Repeat the entries without change, omitting the pictures.

(Extracted data entries)
________________________
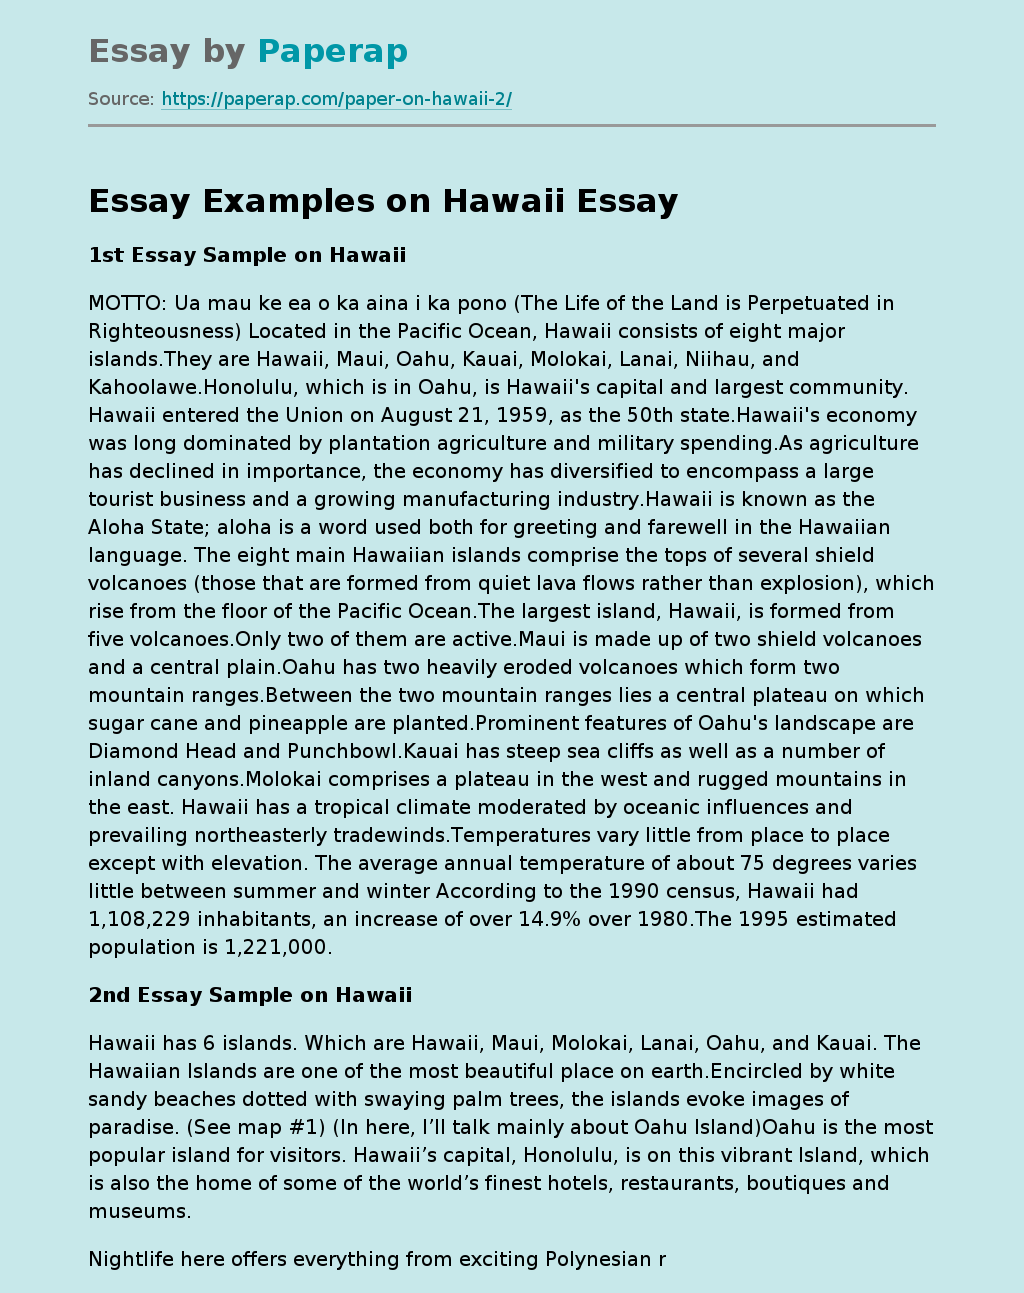 Essay Examples on Hawaii
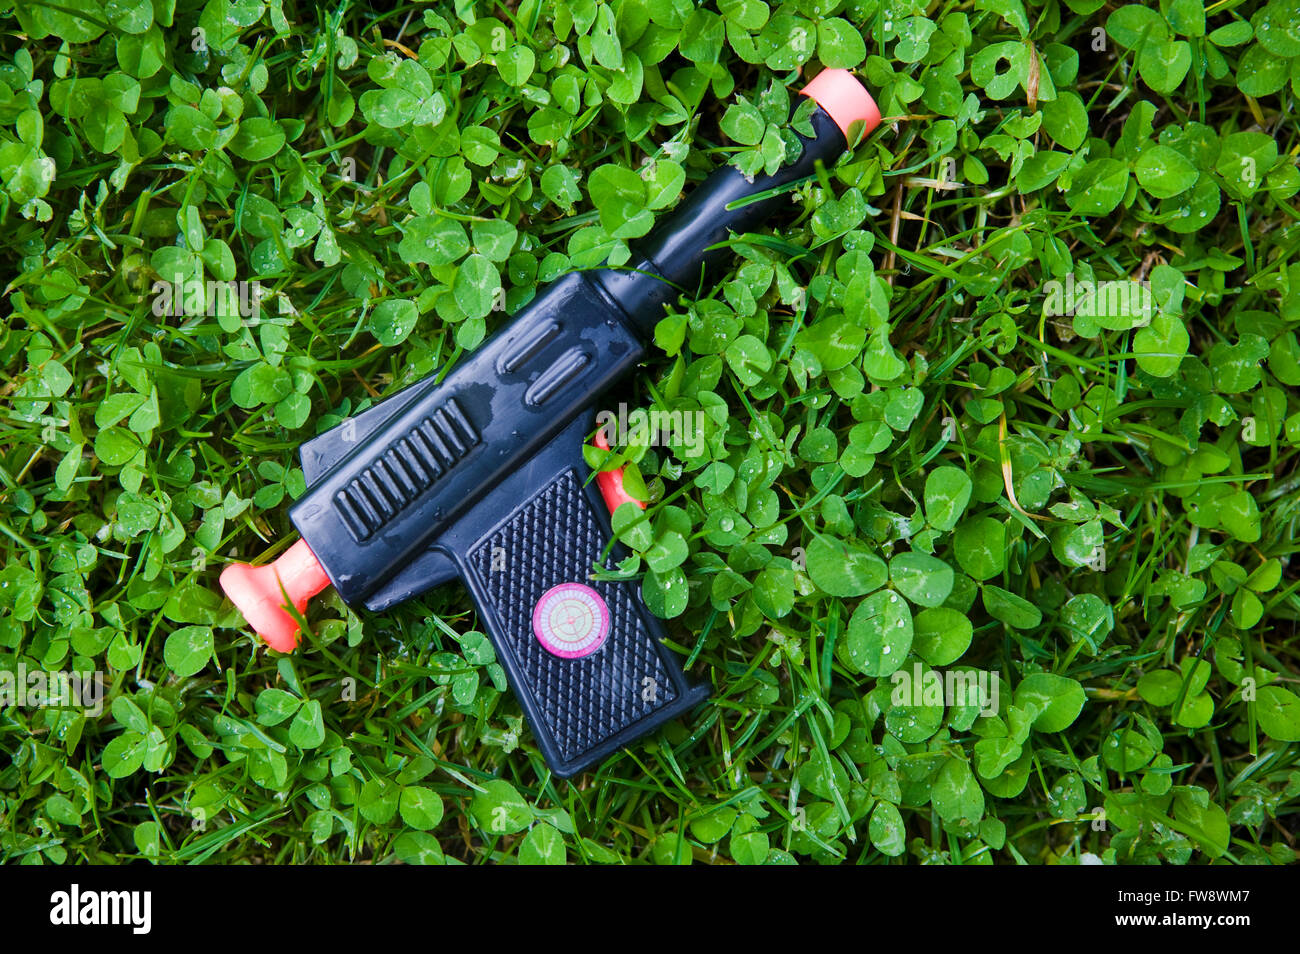 Un pistolet d'enfant ou en plastique pistolet jouet laissé allongé dans  l'herbe d'un jardin, perdu dans le trèfle l'arme représente un jouet à  l'enfant même si certains peuvent croire que l'utilisation de
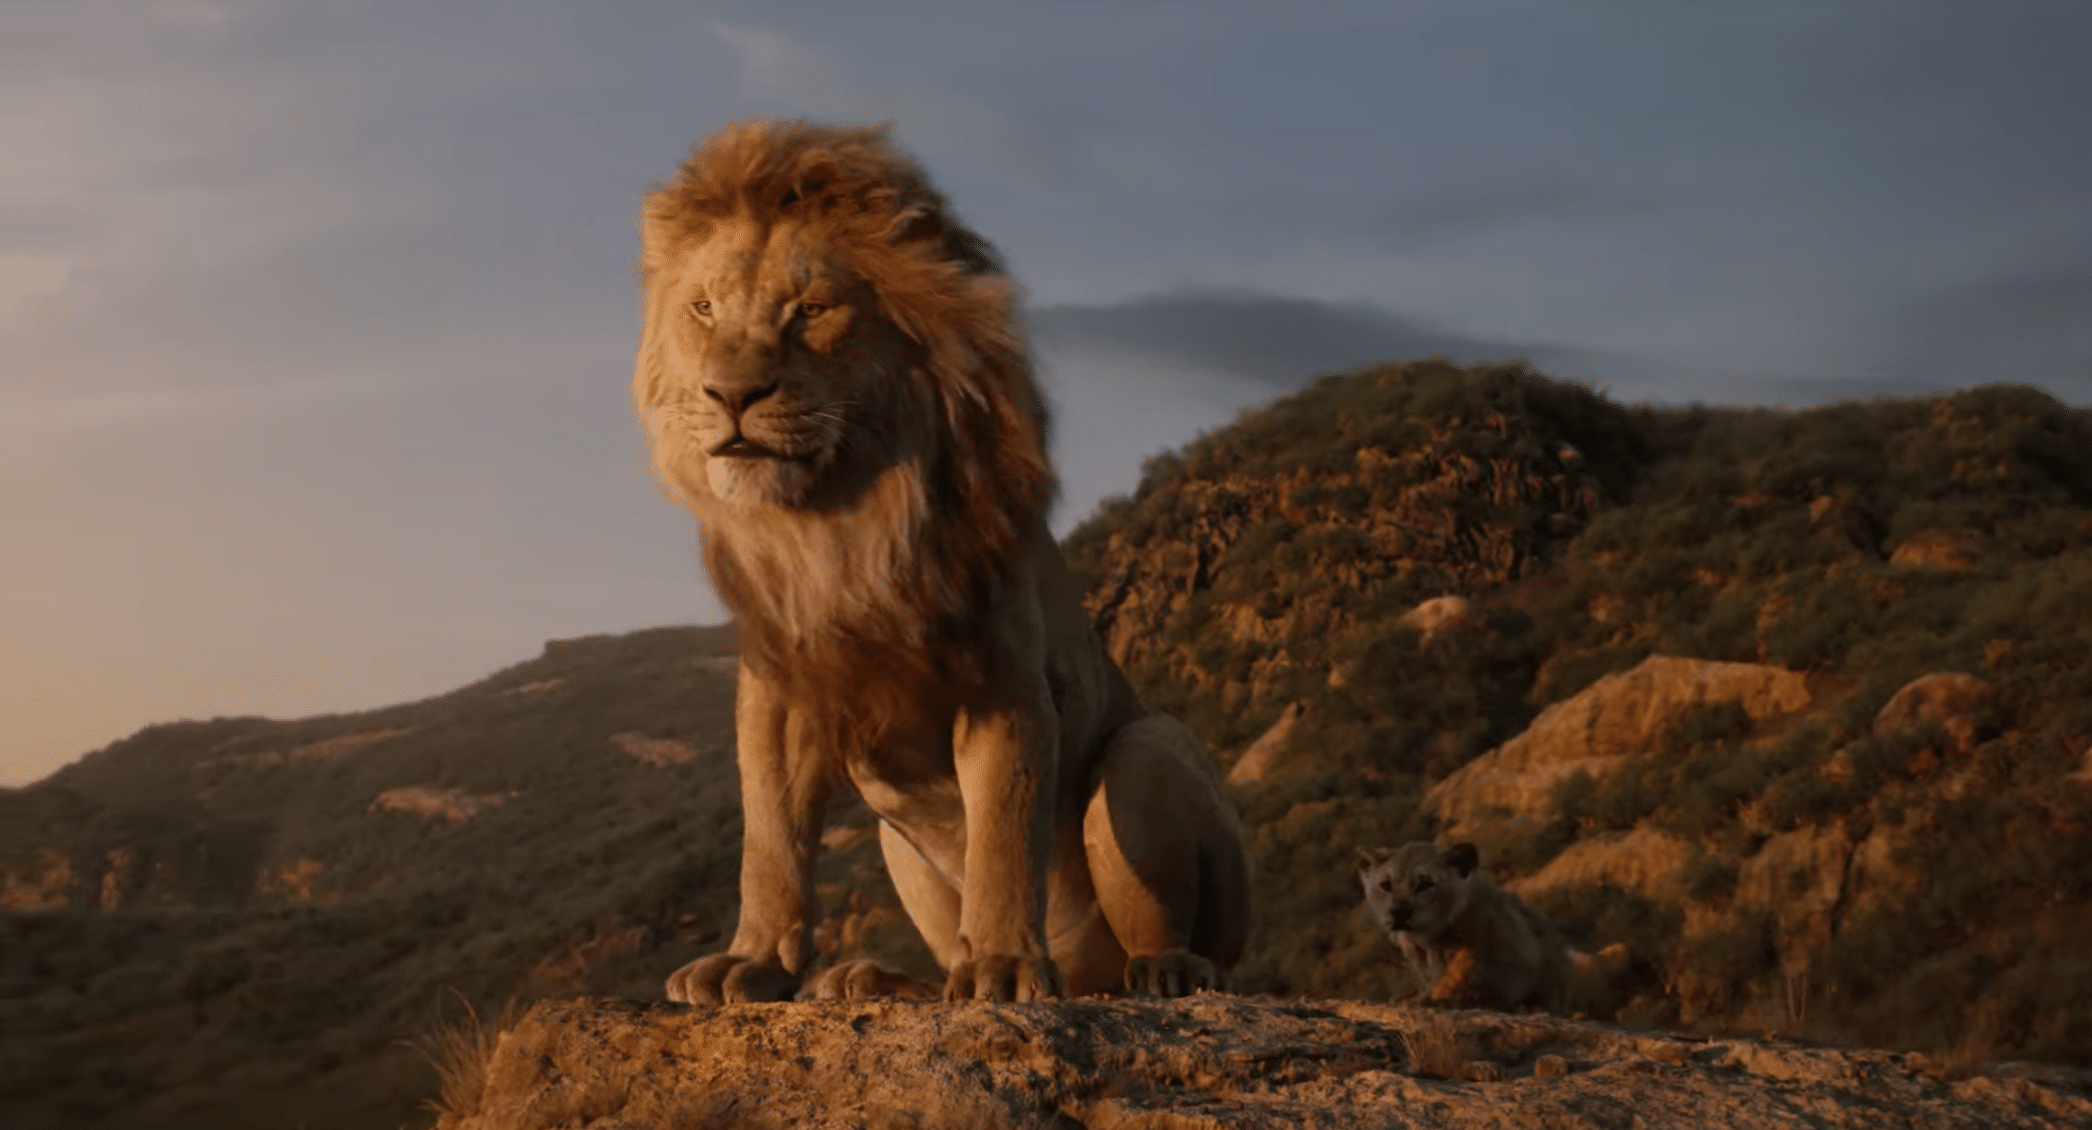 Le Roi Lion : Dans le dernier teaser, Childish Gambino reprend "Hakuna Matata"
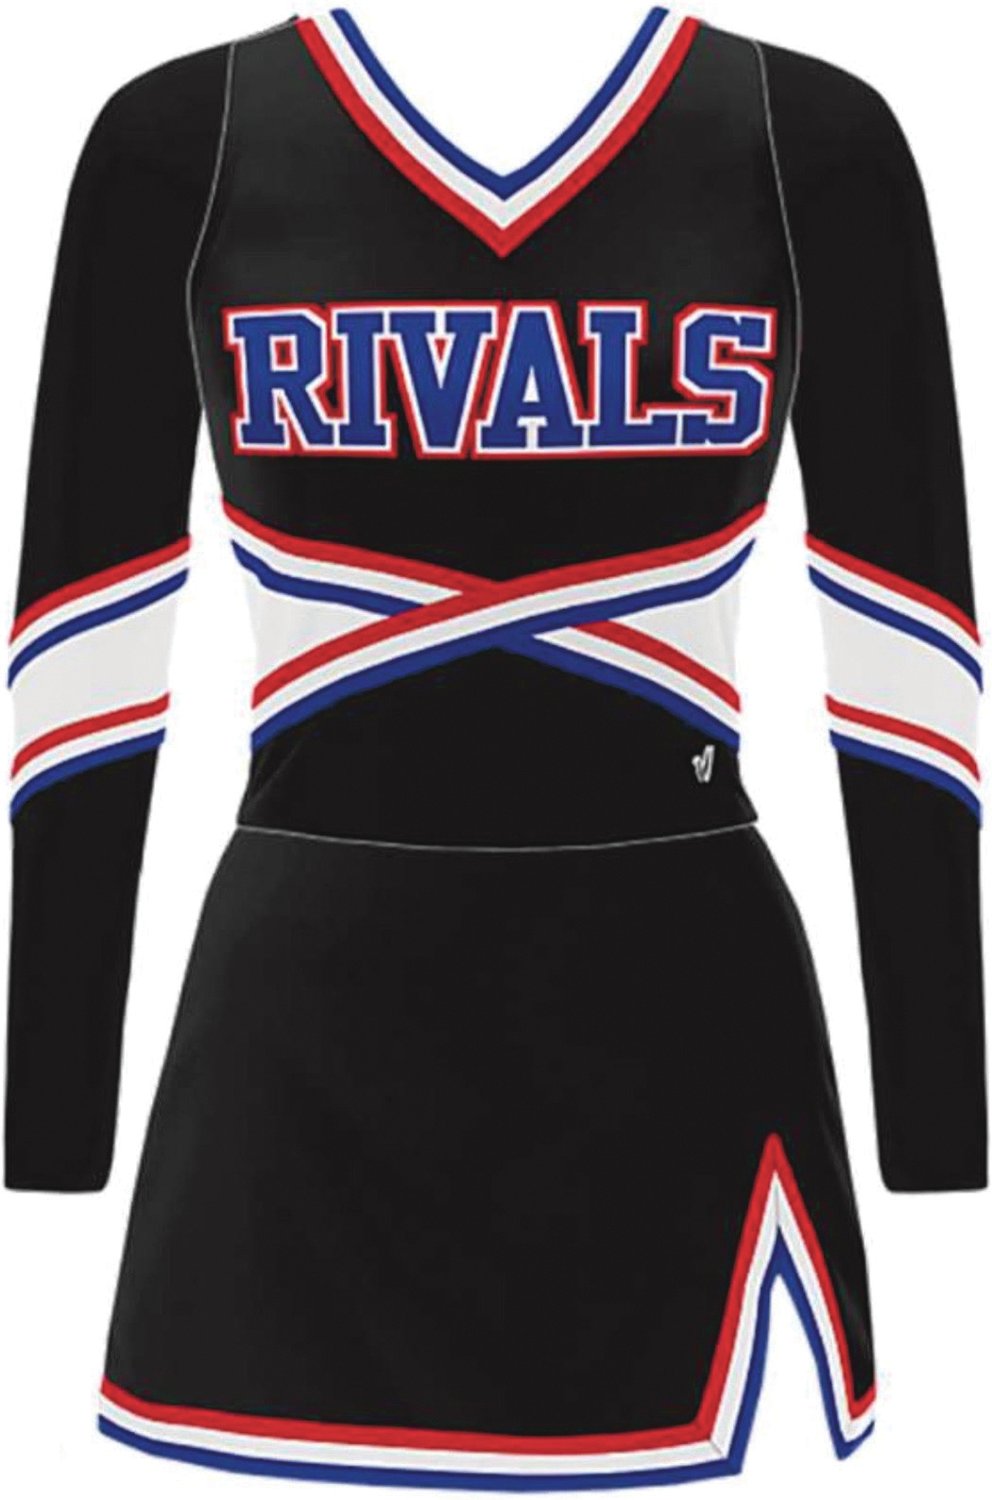 The new Rivals cheer uniform.
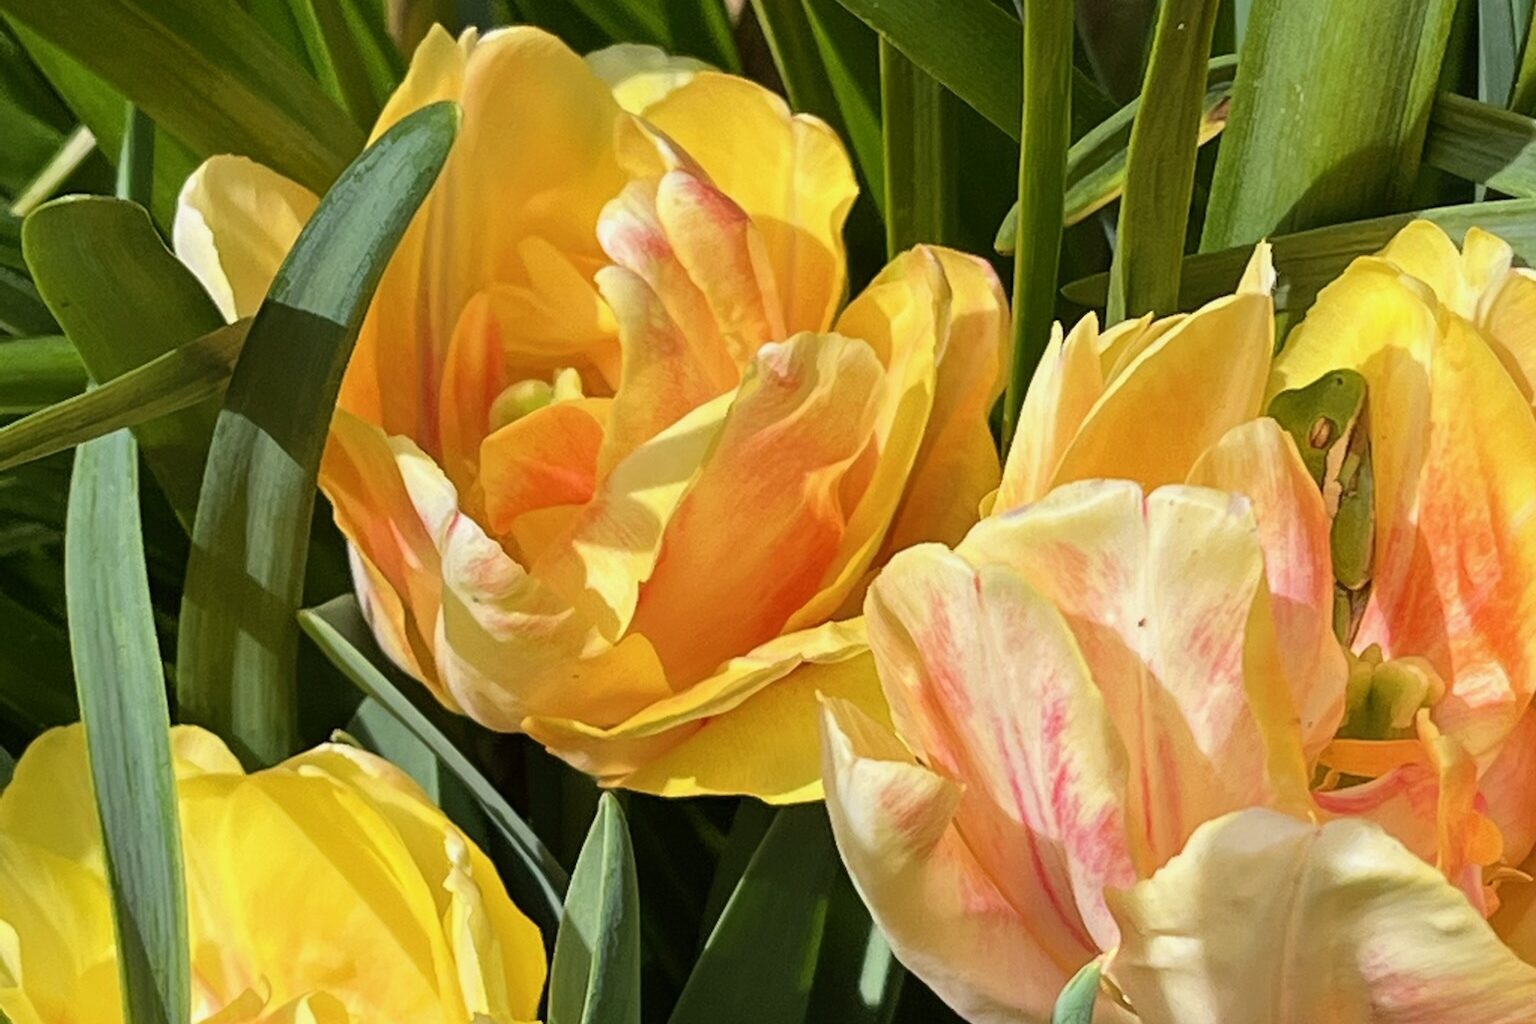 native species tulips
________________________
▶ _EXERCISE OUTPUT_
 Essay Examples on Hawaii
 Un pistolet d'enfant ou en plastique pistolet jouet laissé allongé dans  l'herbe d'un jardin, perdu dans le trèfle l'arme représente un jouet à  l'enfant même si certains peuvent croire que l'utilisation de
 Le Roi Lion : Dans le dernier teaser, Childish Gambino reprend "Hakuna Matata"
 The new Rivals cheer uniform.
 native species tulips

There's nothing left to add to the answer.